The Trump administration has faced a torrent of lawsuits over the last two weeks, with judges over the last two days blocking them from enforcing a federal buyout program, cutting funding for health research, and removing public health data from government websites.
After a New York judge blocked Trump’s new Department of Government Efficiency from accessing Treasury Department records on Saturday, both DOGE head Elon Musk and Vice President JD Vance began to publicly float the idea of defying the court orders.
Justice Department representatives did not respond to a request for comment from ABC News.
During a hearing in the Treasury Department case, the DOJ claimed that Marko Elez — a SpaceX employee-turned-DOGE cost-cutter who briefly resigned last week after the Wall Street Journal reported on racist social media posts — was a “special government employee” within the Department of the Treasury.
In a filing Monday, the DOJ corrected themselves to note that Elez was actually a full-fledged Treasury Department employee — a “Special Advisor for Information Technology and Modernization” according to the filing — who is subject to additional ethics requirements.
During a hearing last week on whether the DOJ should be blocked from disseminating a list of federal agents and employees who worked on cases involving the Jan. 6 Capitol attack, a DOJ attorney was unable to say with confidence whether the government might eventually release the list, frustrating the judge overseeing the case.
“You represent the government,” U.S. District Judge Jia Cobb said sternly. “The White House wants this information. Does the government have present intent to publicly release names of FBI agents that worked on Jan. 6 cases?”
“People who have the list don’t have present intent,” replied the attorney, Jeremy Simon, who then had to ask for a series of short recesses as he was pressed to provide answers on the government’s stance.
At one point Simon needed to excuse himself into the hallway to speak by phone with his superiors.
The legal challenges began immediately after Trump ignited his barrage of Day-1 executive orders.
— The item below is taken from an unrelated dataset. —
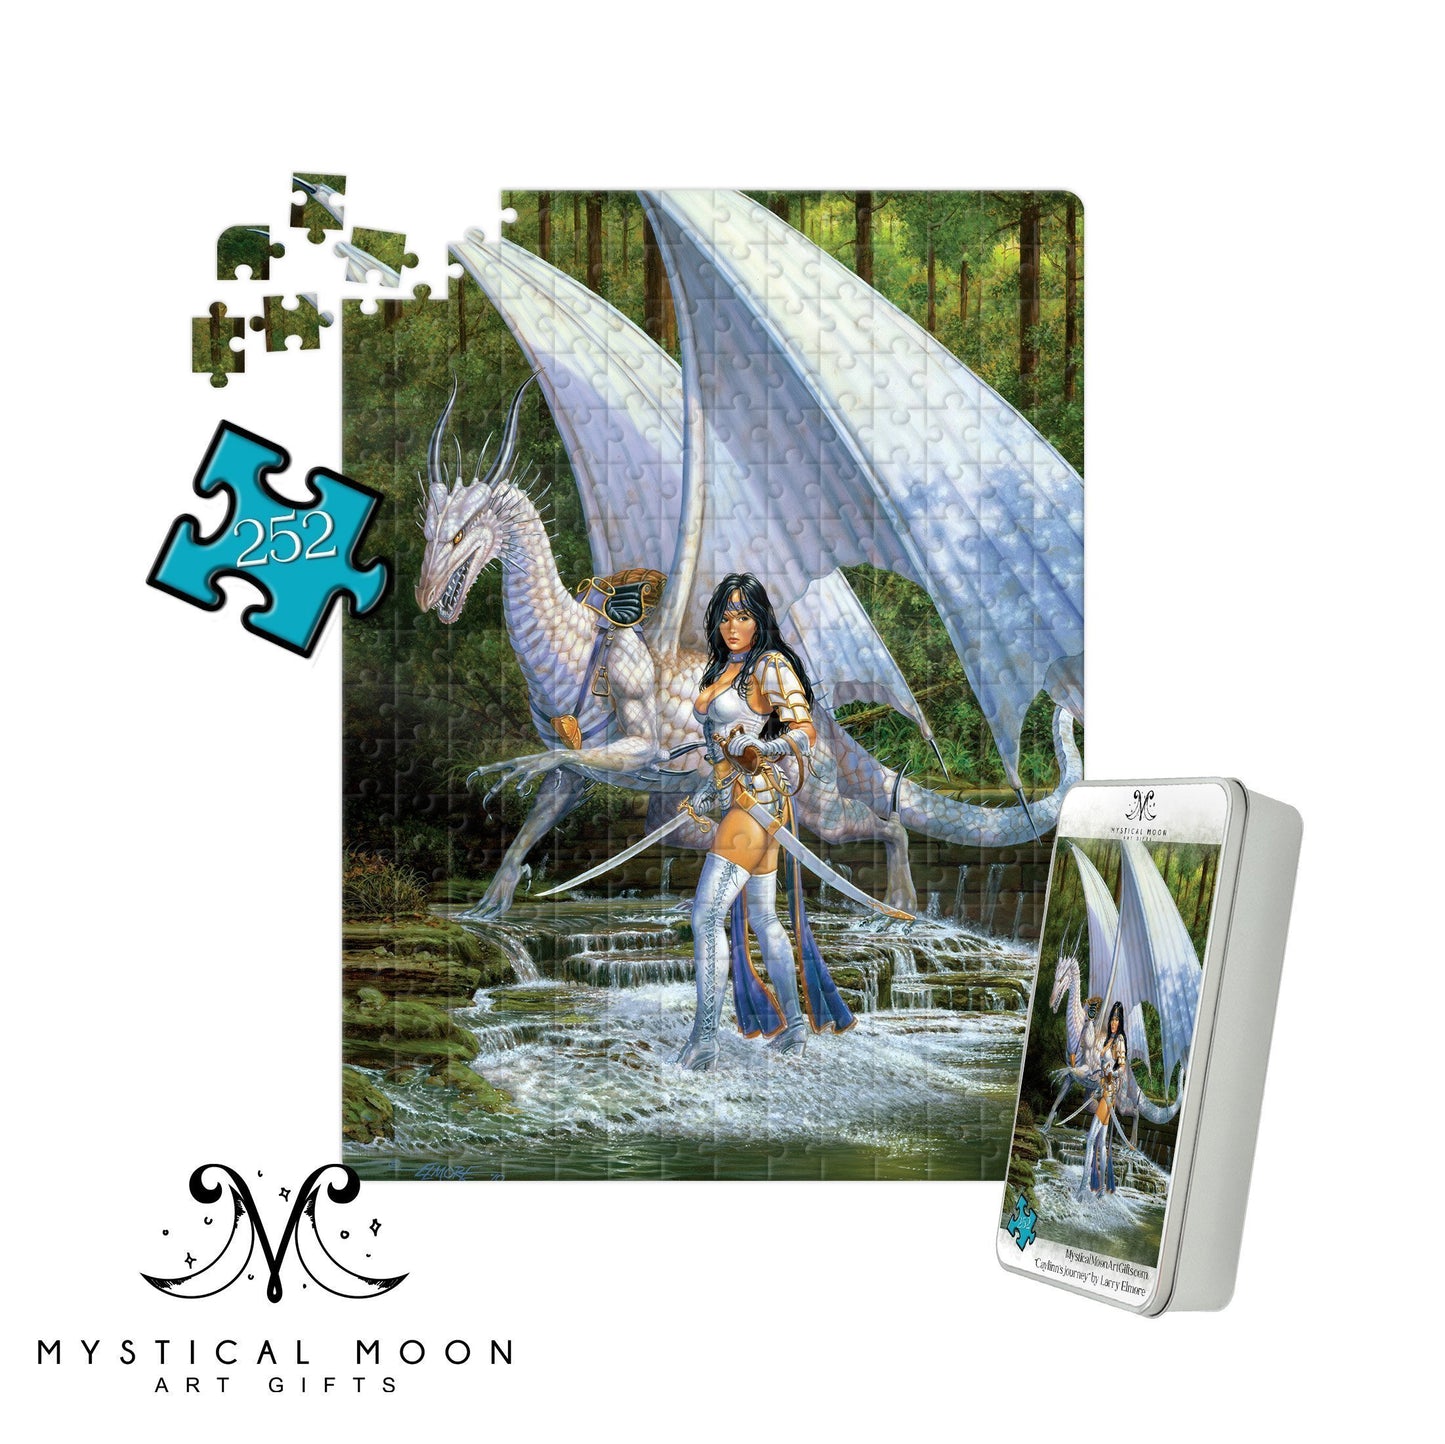 Caylinn's Journey by Larry Elmore. 252 Piece Puzzle

During a hearing on the administration’s short-lived federal funding freeze, a DOJ attorney appeared unable to provide a clear answer about the extent of the White House’s new policy.
“It seems like the federal government currently doesn’t actually know the full scope of the programs that are going to be subject to the pause. Is that correct?” U.S. District Judge Loren L. AliKhan asked the attorney.
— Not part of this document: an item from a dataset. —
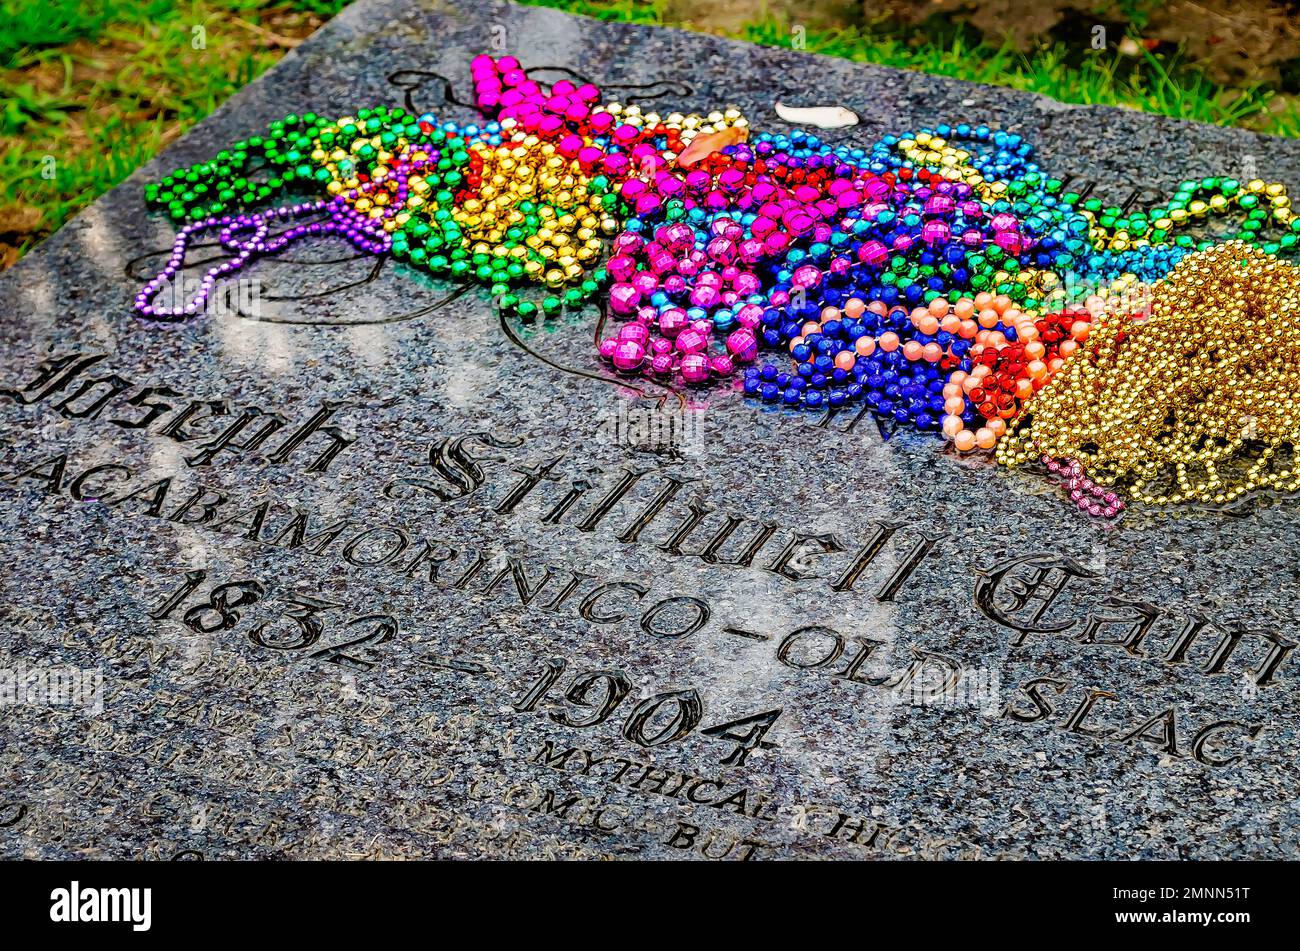 Mardi Gras beads are strewn across Joe Cain’s grave in Church Street Graveyard, Jan. 30, 2023, in Mobile, Alabama. Stock Photo

“I can only speak for myself, which is just based on the limited time frame here, that I do not have a comprehensive list,” replied DOJ lawyer Daniel Schwei. “It just depends.”
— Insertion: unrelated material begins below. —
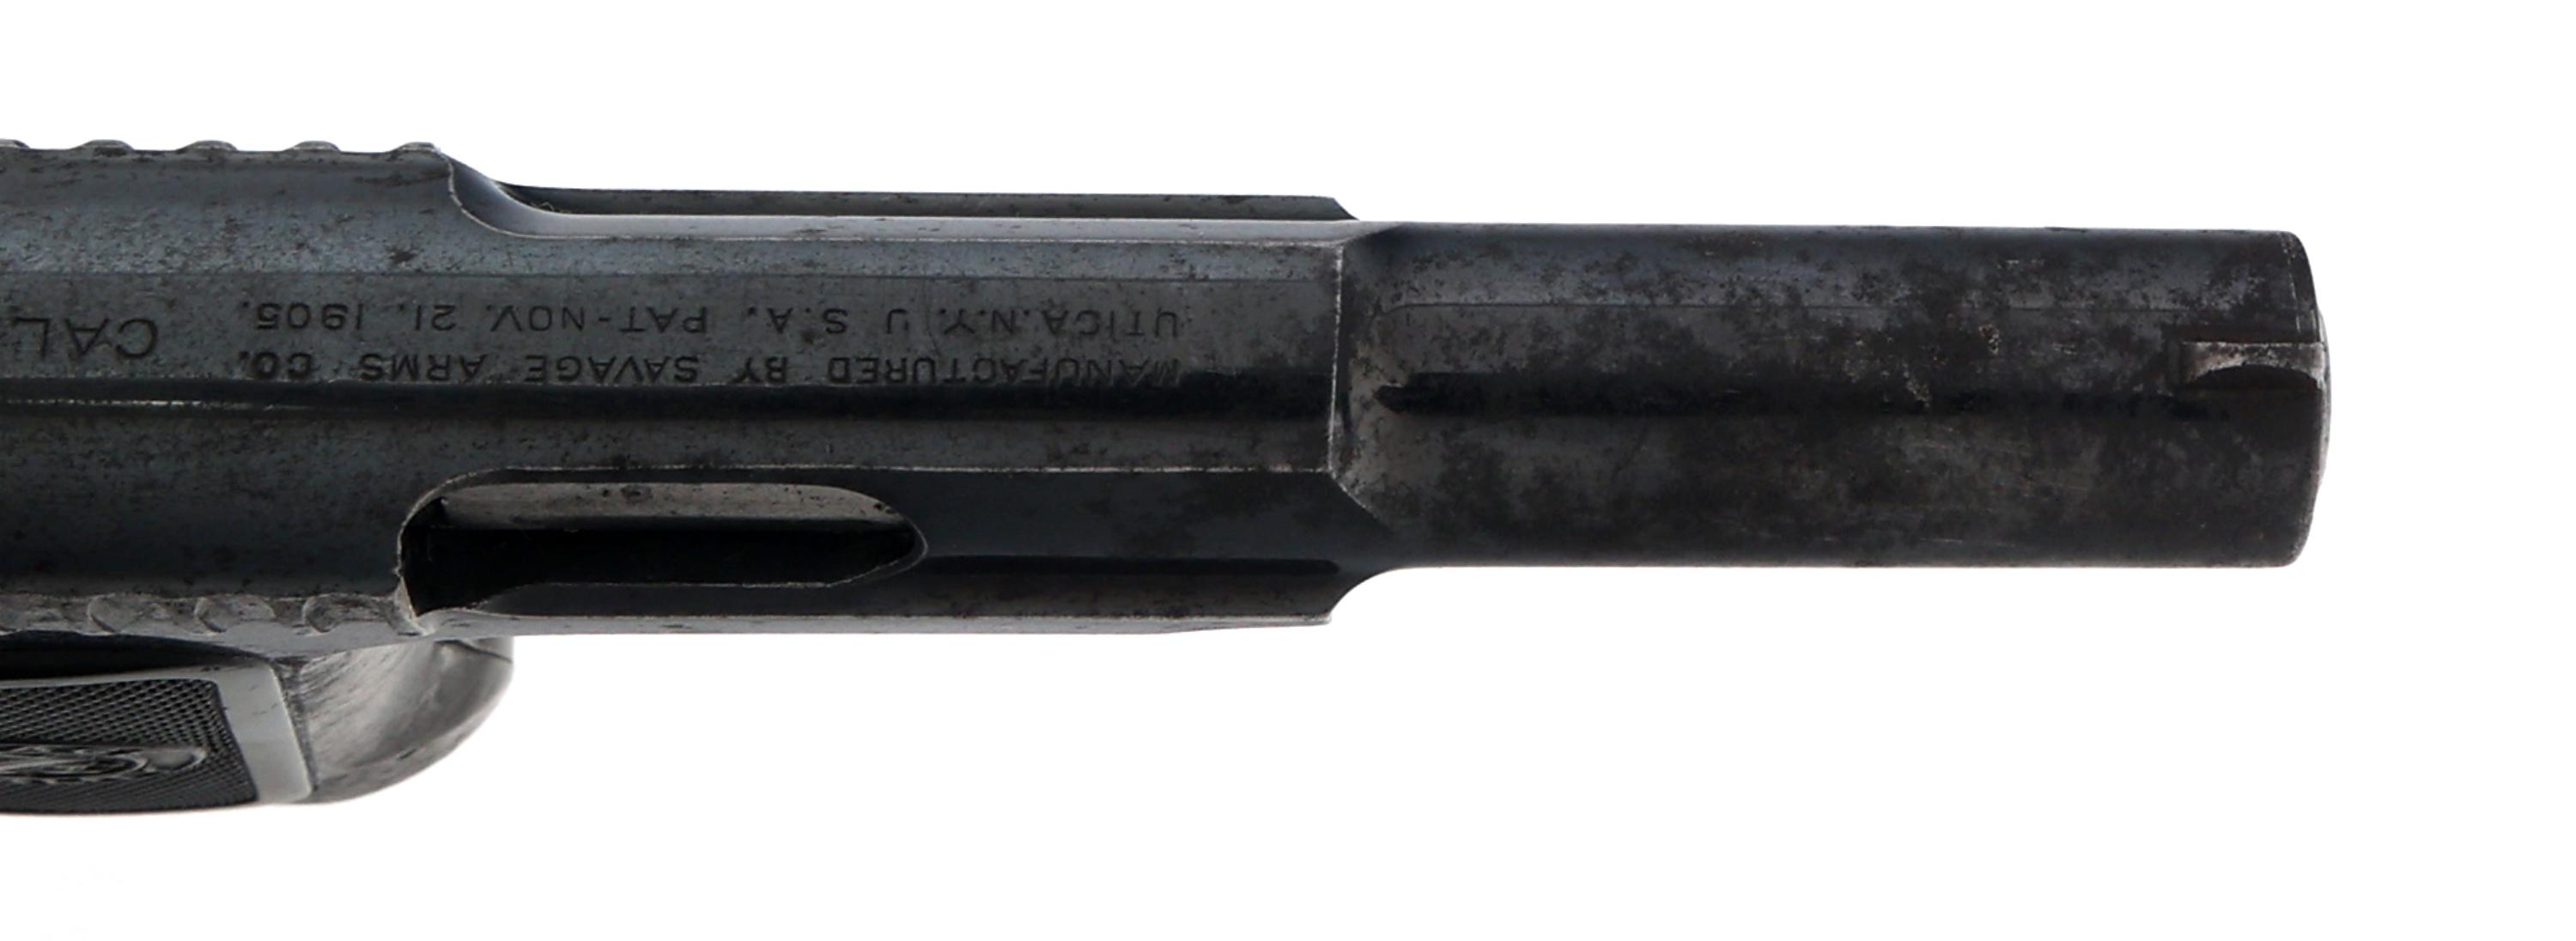 SAVAGE ARMS MODEL 1907 .32 ACP POCKET PISTOL

And during the first court hearing about Trump’s executive order on birthright citizenship, the position of defending Trump’s order put Brett Shumate, the acting assistant attorney general for the DOJ’s civil division, in a federal judge’s firing line.
“In your opinion, is this executive order constitutional?” U.S. District Judge John Coughenour asked Shumate during the hearing.
“Yes, we think it is,” Shumate said, drawing the judge’s rebuke.
“I have difficulty understanding how a member of the bar can state unequivocally that this is a constitutional order. It boggles my mind,” Coughenour said. “Where were the lawyers when this decision was being made?”
A constitutional law expert told ABC News that DOJ attorneys have been rebuked by judges of all stripes.
“They are doing this regardless of geography and regardless of who appointed them,” said Loyola Marymount University law professor Justin Levitt. “So you’ve seen pushback from Reagan appointees, you’ve seen pushback from Bush appointees, you’ve seen pushback from Obama appointees and Trump appointees and Biden appointees, and that’s going to continue.”
Levitt said the results have generally not been in the Trump administration’s favor.
“As far as I can tell, they’re winless in the courts,” he said.